On the Entropy Calibration of Language Models
Steven Cao, Gregory Valiant, Percy Liang
TL;DR
The paper analyzes entropy calibration in autoregressive language models, showing that miscalibration—entropy growth during generation—scales slowly with model and data size, especially for text with heavy tails. A simplified power-law intuition links the tail exponent to slow scaling, and empirical results across models up to 70B parameters corroborate slow improvement for text while code shows faster gains. While standard mitigations like temperature adjustment and instruction tuning reduce entropy, they typically worsen log loss, implying a diversity stability tradeoff.

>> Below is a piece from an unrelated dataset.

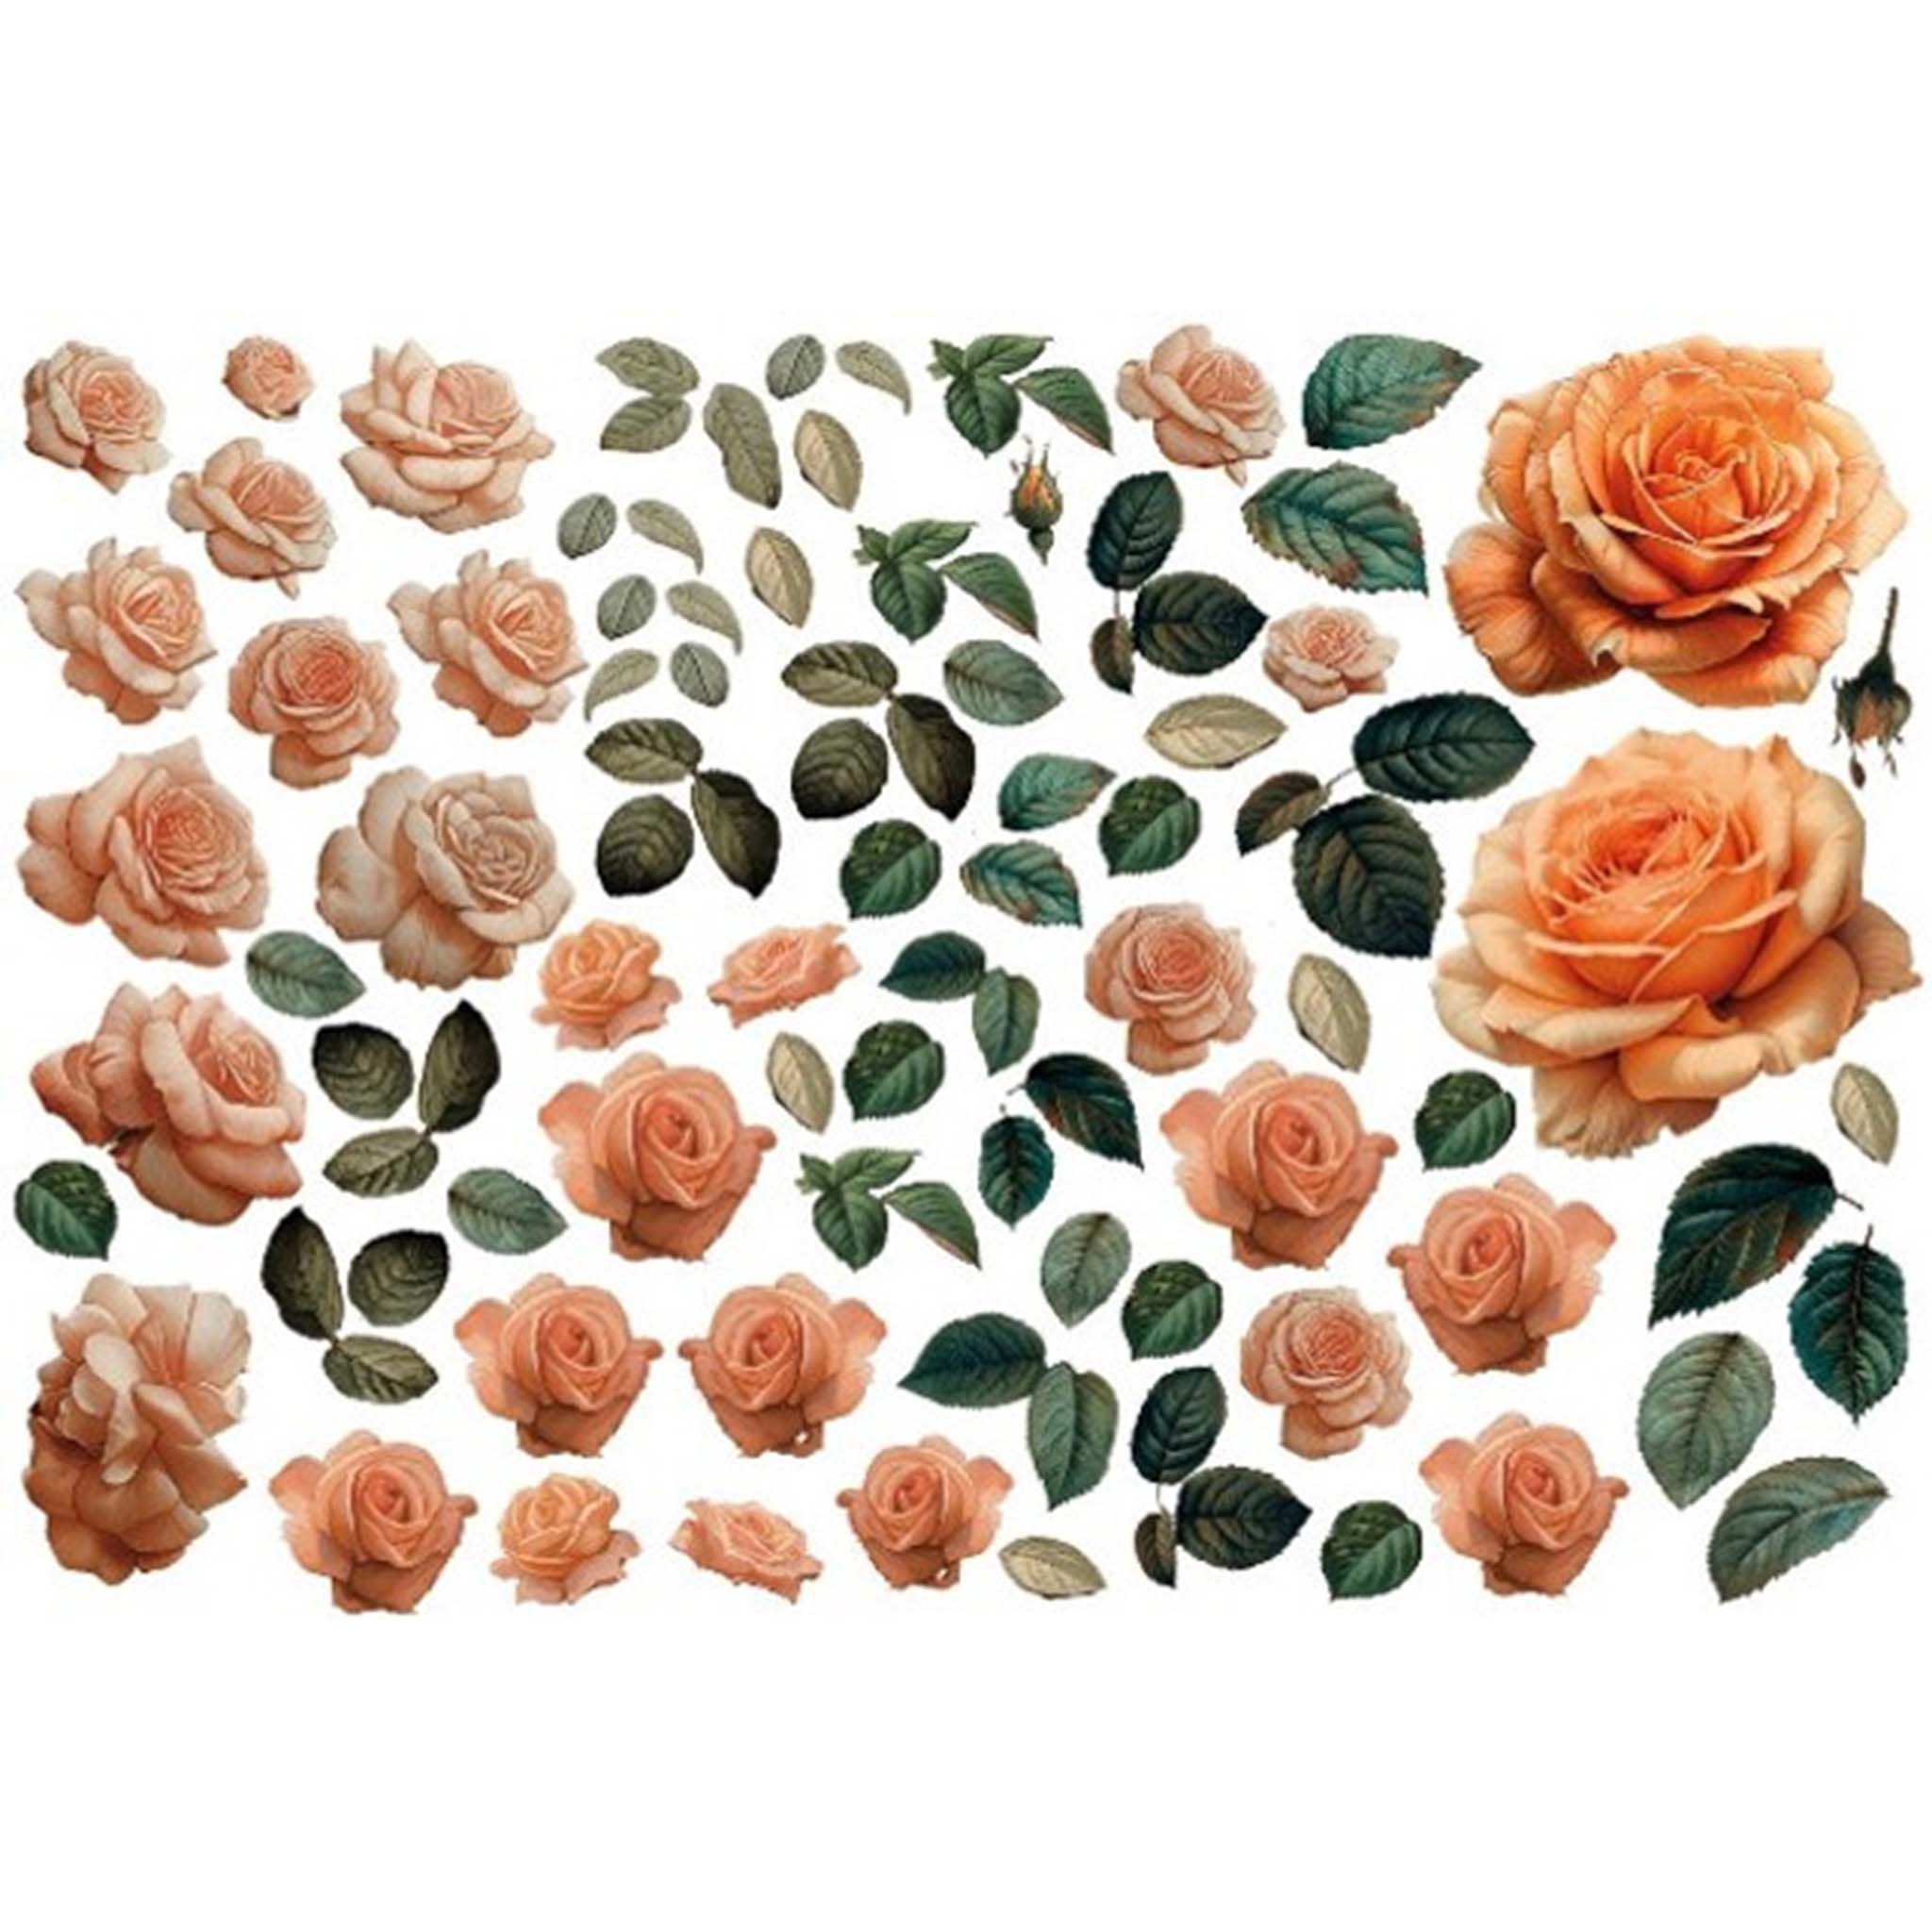 A4 Plus rice paper design that featuring individual rose blooms of varying sizes and leaves against a white background.

The authors prove a theoretical possibility of calibrating entropy without increasing log loss if a future-entropy predictor can be learned, offering a pathway to simultaneous generation stability and diversity. Together, these results motivate developing practical future-entropy-based calibration methods to achieve high-quality, diverse, and stable generations at scale.
Abstract
We study the problem of entropy calibration, which asks whether a language model's entropy over generations matches its log loss on human text. Past work found that models are miscalibrated, with entropy per step increasing (and text quality decreasing) as generations grow longer. This error accumulation is a fundamental problem in autoregressive models, and the standard solution is to truncate the distribution, which improves text quality at the cost of diversity. In this paper, we ask: is miscalibration likely to improve with scale, and is it theoretically possible to calibrate without tradeoffs? To build intuition, we first study a simplified theoretical setting to characterize the scaling behavior of miscalibration with respect to dataset size. We find that the scaling behavior depends on the power law exponent of the data distribution -- in particular, for a power law exponent close to 1, the scaling exponent is close to 0, meaning that miscalibration improves very slowly with scale. Next, we measure miscalibration empirically in language models ranging from 0.5B to 70B parameters. We find that the observed scaling behavior is similar to what is predicted by the simplified setting: our fitted scaling exponents for text are close to 0, meaning that larger models accumulate error at a similar rate as smaller ones. This scaling (or, lack thereof) provides one explanation for why we sample from larger models with similar amounts of truncation as smaller models, even though the larger models are of higher quality. However, truncation is not a satisfying solution because it comes at the cost of increased log loss. In theory, is it even possible to reduce entropy while preserving log loss? We prove that it is possible, if we assume access to a black box which can fit models to predict the future entropy of text.